3 digit integers greater than 700.

2 cases

case 1: when first digit is 7 then using counting priniciple 1st digit has an option of 1 , and hence since two digits are equal the 2nd digit also is 1 third digit is between 1- 9 ( number greater than 700= 701 ) since the first 2 digits have taken integer 7, third digit will have (9-1) = 8 so the counting principle equation for case 1 is ( 1x1x8)
1 1 8 ( 9-1)
--- X ----------------- X ---------------------
1st digit is 7 2nd digit is same as 1st 3rd digit is 1-9 = 9
case 2

1st digit is not 7, so for the 1 and 2 digit, options are 8, 9 so 2 options for digit 1 and 2 options for digit 2 ( as per the condition of the problem ) now for 3 digit, since the number is greater than 700 digit will be from 1 - 9= and the 1st 2 digits have taken 7 and 8, so third digit will be 9-2= 7 so counting principle equation becomes ( 2 x2x7)

2 2 7
---------- X --------------------- X ---------------------------------
available same as 1st digit here 8 and 9 are taken by 1st 2 digits so 9 -2=7
option is
8 or 9


Solution thus becomes ( 1x1x8)+(2x2x7) = 36

Are you counting possibilities such as 707?

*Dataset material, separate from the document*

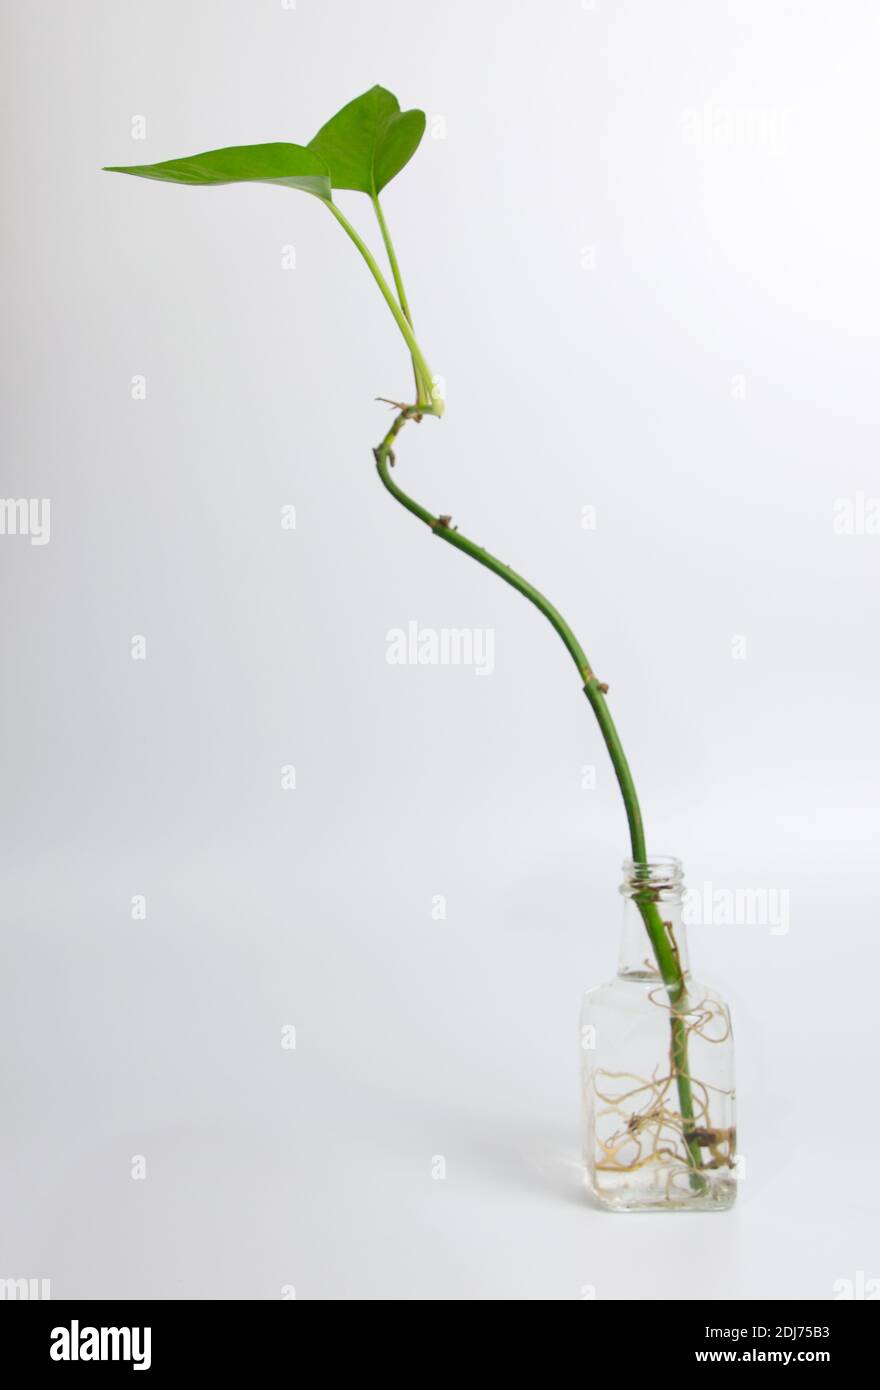 Epipremnum aureum / Devils Ivy / Pothos house plant growing in water Stock Photo

you only have 3 possibilities for the hundreds digit: 7, 8 or 9.

700s

you can have 7xx (ex: 722), for this there are 8 possibilities for digits (0 doesn't count because it must be greater than 700, neither does 7)
there is also 7x7 (ex: 702), for this there are 9 possibilities (only 7 doesn't count)
then there is 77x (ex:771), for this there are also 9 possibilities

800s

8xx- 9 possibilities, because you can include 0 so 0-9, not including 8
8x8- 9 possibilities
88x- 9 possibilities

900s

9xx- 9 possibilities, because you can include 0 so 0-9, not including 8
9x9- 9 possibilities
99x- 9 possibilities

Add them all up and you get 80 (C)

Of the 3-digit integers greater than 700, how many have 2 digits that are equal to each other and the remaining digit different from the other 2 ?

(A) 90
(B) 82
(C) 80
(D) 45
(E) 36

Between 700 to 799

770, 771, 771, 773, 774, 775, 776, 778, 779 = 9 Numbers
707, 717, 727, 737, 747, 757, 767, 787, 797 = 9 Numbers
711, 722, 733, 744, 755, 766, 788, 799 = 8 Numbers

Total Such Numbers = 9+8+9 = 26

Between 800 to 899

880, 881, 881, 883, 884, 885, 886, 887, 889 = 9 Numbers
808, 818, 828, 838, 848, 858, 868, 878, 898 = 9 Numbers
800, 811, 822, 833, 844, 855, 866, 877, 899 = 9 Numbers

Total Such Numbers = 9+9+9 = 27

Between 900 to 999

990, 991, 992, 993, 994, 995, 996, 997, 998 = 9 Numbers
909, 919, 929, 939, 949, 959, 969, 979, 989 = 9 Numbers
900, 911, 922, 933, 944, 955, 966, 977, 988 = 9 Numbers

Total Such Numbers = 9+9+9 = 27

Total Numbers = 26+27+27 = 80 Answer

GMATGuruNY wrote:

II wrote:Of the 3-digit integers greater than 700, how many have 2 digits that are equal to each other and the remaining digit different from the other 2 ?

(A) 90
(B) 82
(C) 80
(D) 45
(E) 36

Integers with exactly 2 digits the same = Total integers - Integers with all 3 digits the same - Integers with all 3 digits different.

Total integers:
To count consecutive integers, use the following formula:
Number of integers = biggest - smallest + 1.
Thus:
Total = 999 - 701 + 1 = 299.

Integers with all 3 digits the same:
777, 888, 999.
Number of options = 3.

Integers with all 3 digits different:
Number of options for the hundreds digit = 3. (7, 8, or 9)
Number of options for the tens digit = 9. (Any digit 0-9 other than the digit already used.)
Number of options for the units digit = 8. (Any digit 0-9 other than the two digits already used.)
To combine these options, we multiply:
3*9*8 = 216.

Thus:
Integers with exactly 2 digits the same = 299-3-216 = 80.

The correct answer is C.

Amazing solution Mitch. Thanks for your guidance. Official Guide explanation is quite complex to understand.